What you should do – Below, find the line containing "Le SO Calais"; from there to the final line, print every line exactly and skip the pictures.

Raw data –
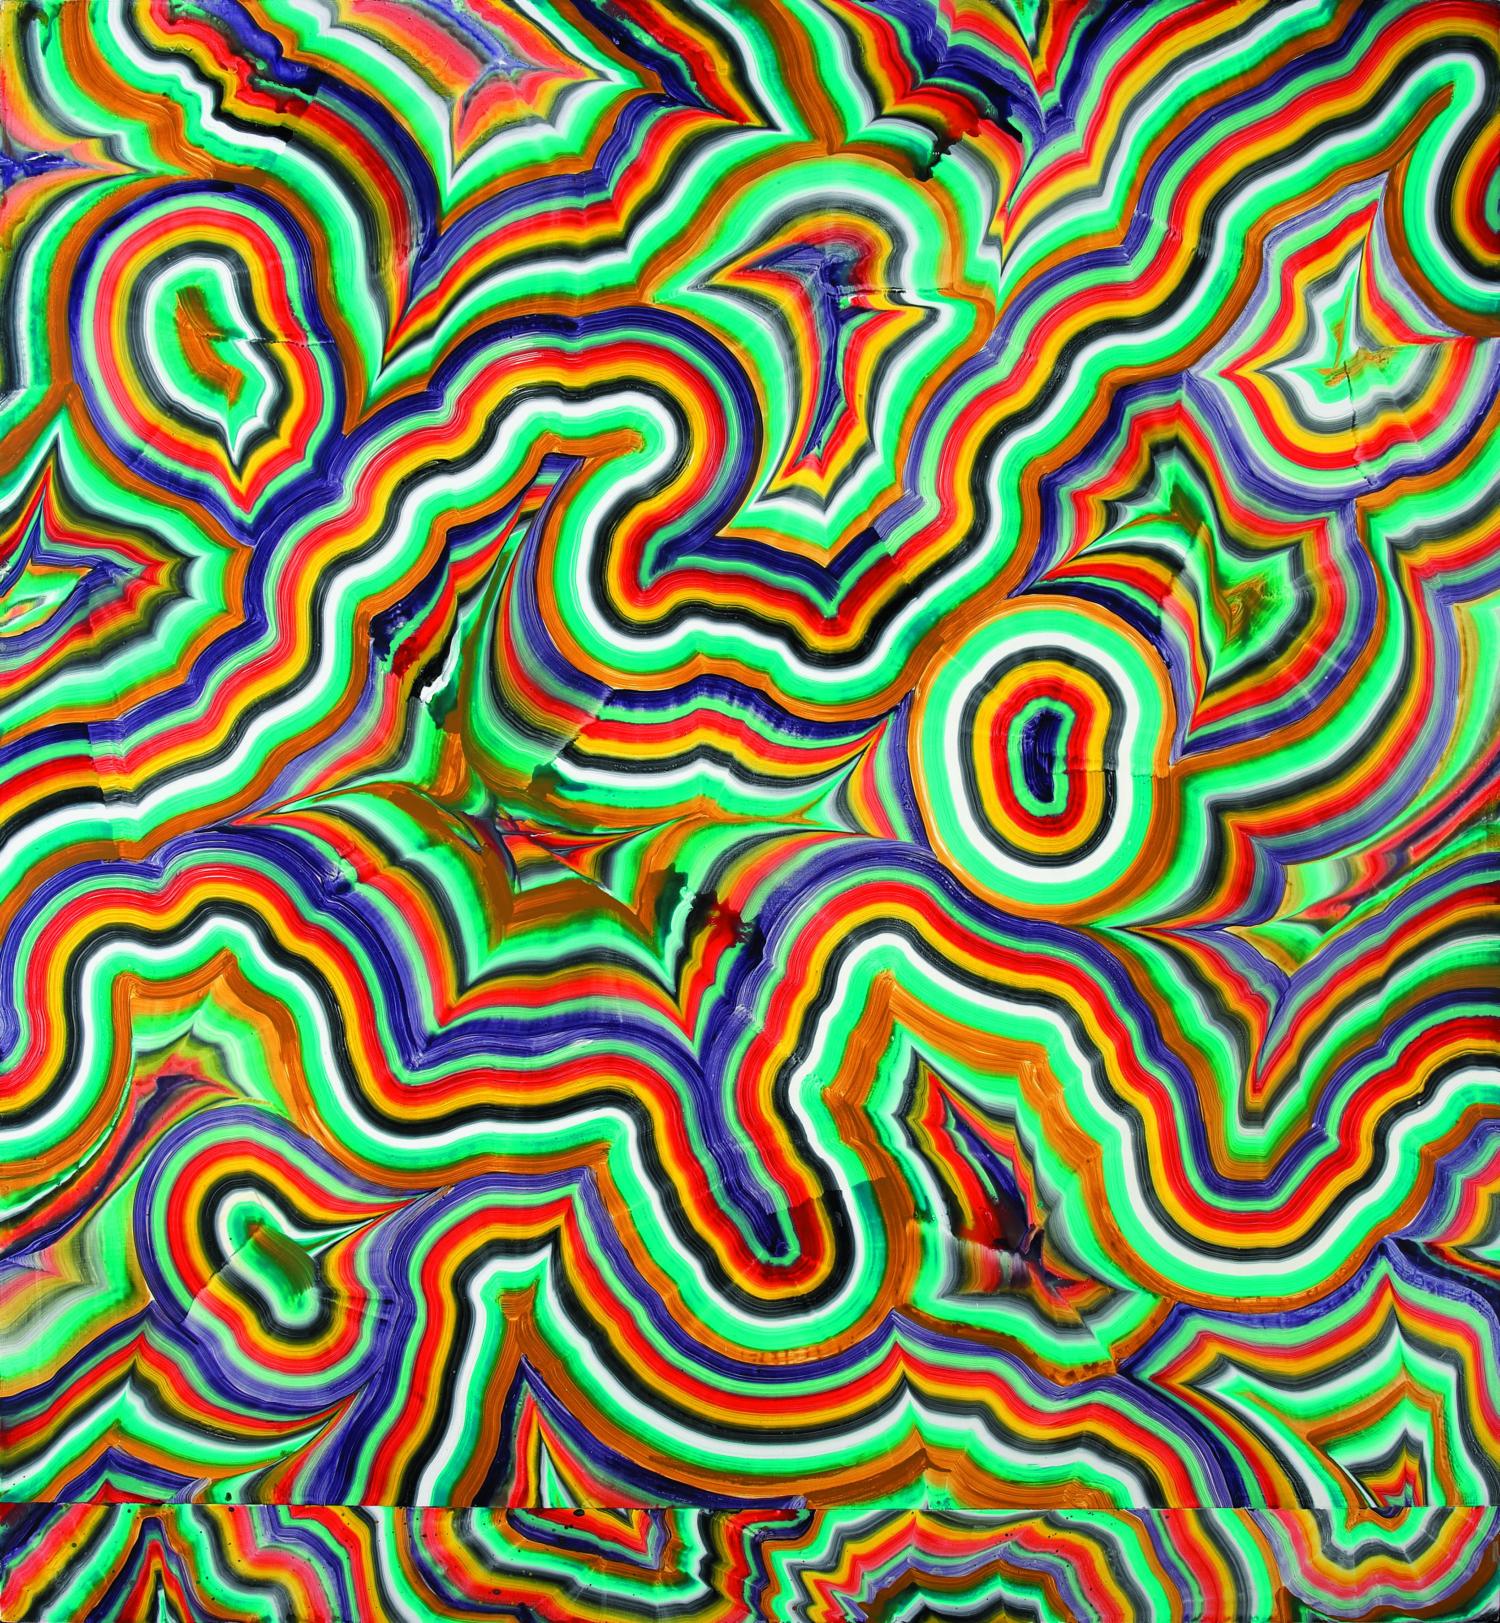 Bernard Frize Extension 2, 1990 Acrylique et résine sur toile 240 x 220 cm
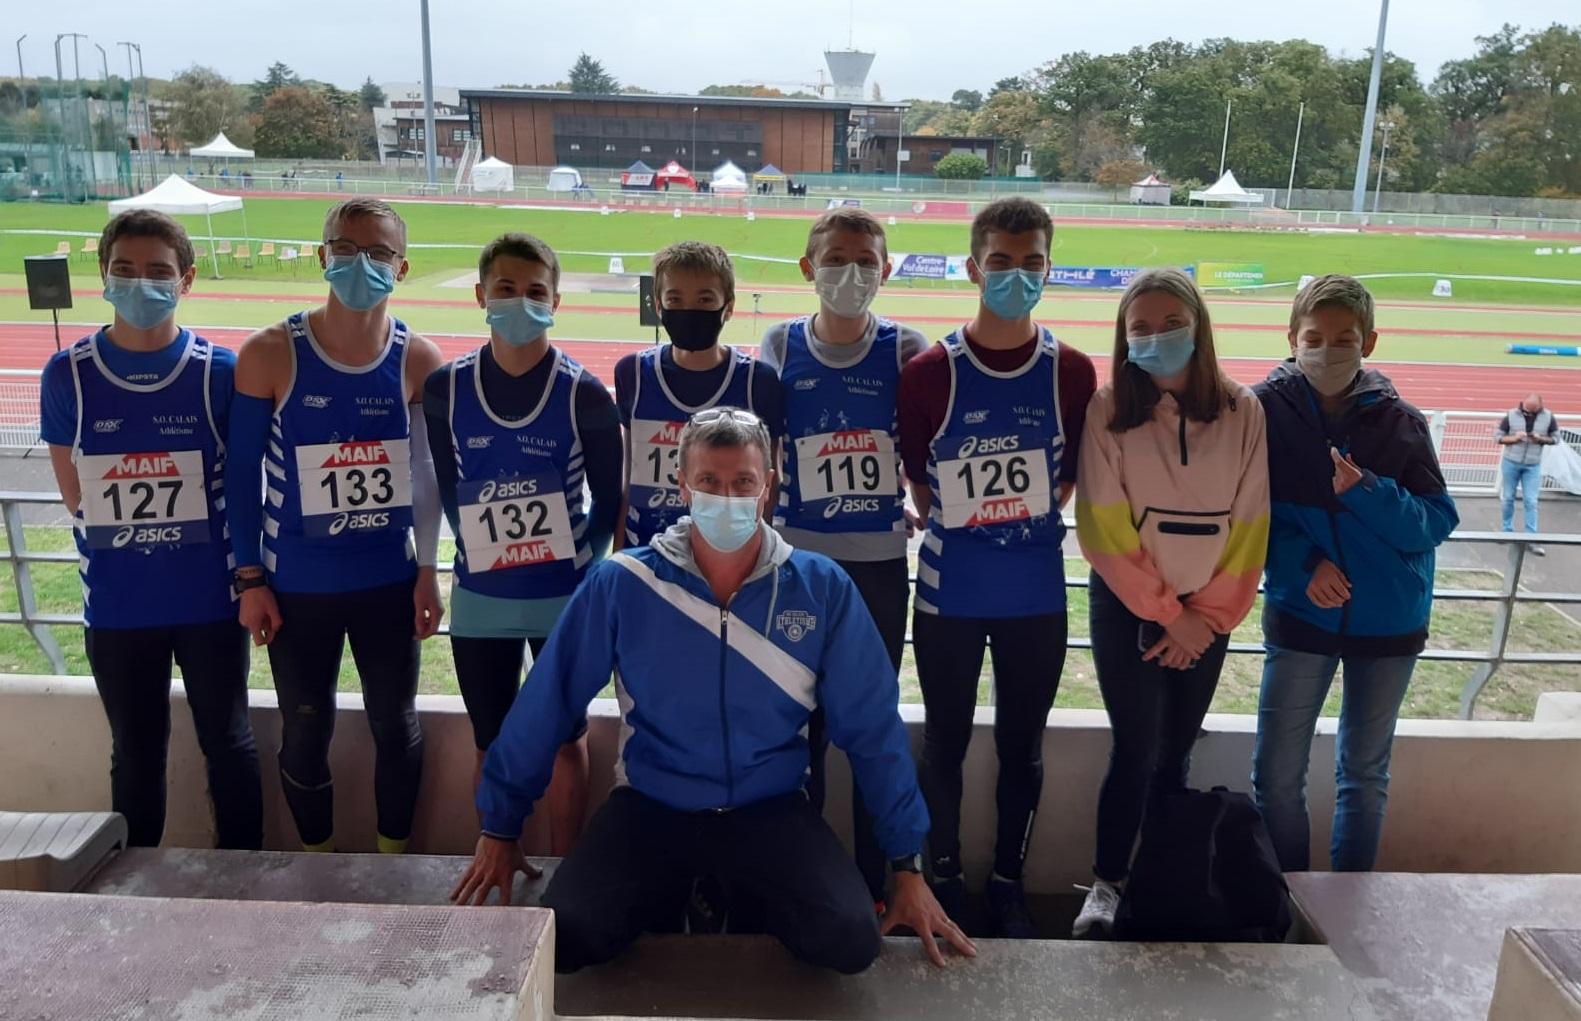 Le SO Calais Athlétisme 4e du challenge des jeunes 2020
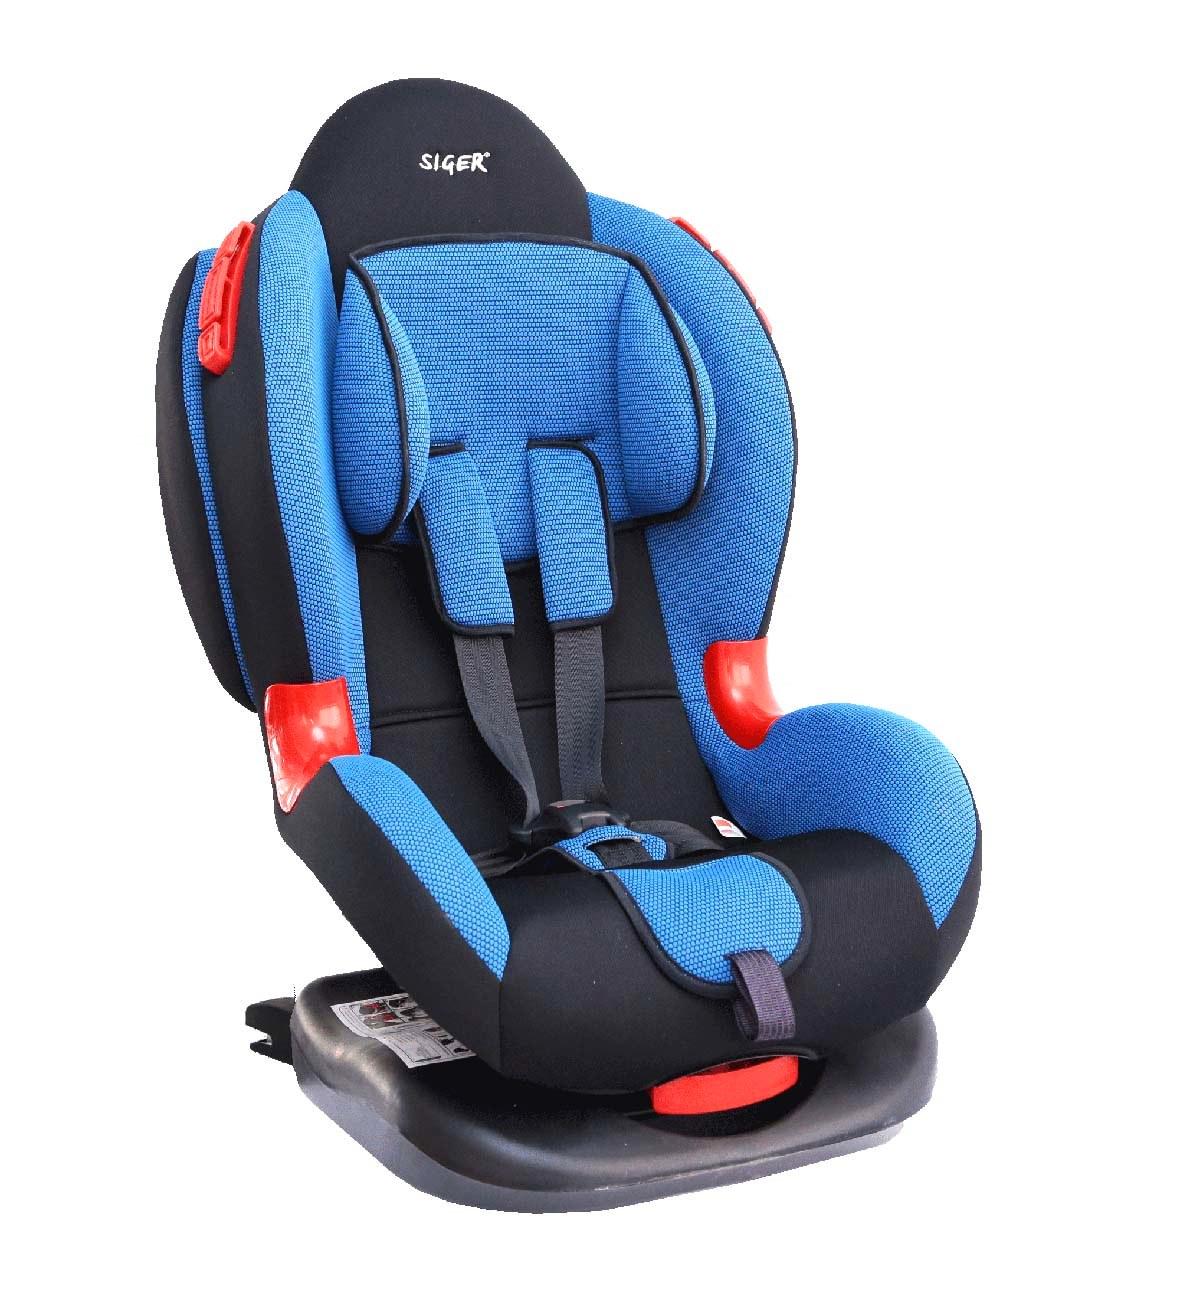 Детское автомобильное кресло Siger КОКОН isofix КРЕС0120 siger кокон isofix красное

Response box –
 Le SO Calais Athlétisme 4e du challenge des jeunes 2020
 Детское автомобильное кресло Siger КОКОН isofix КРЕС0120 siger кокон isofix красное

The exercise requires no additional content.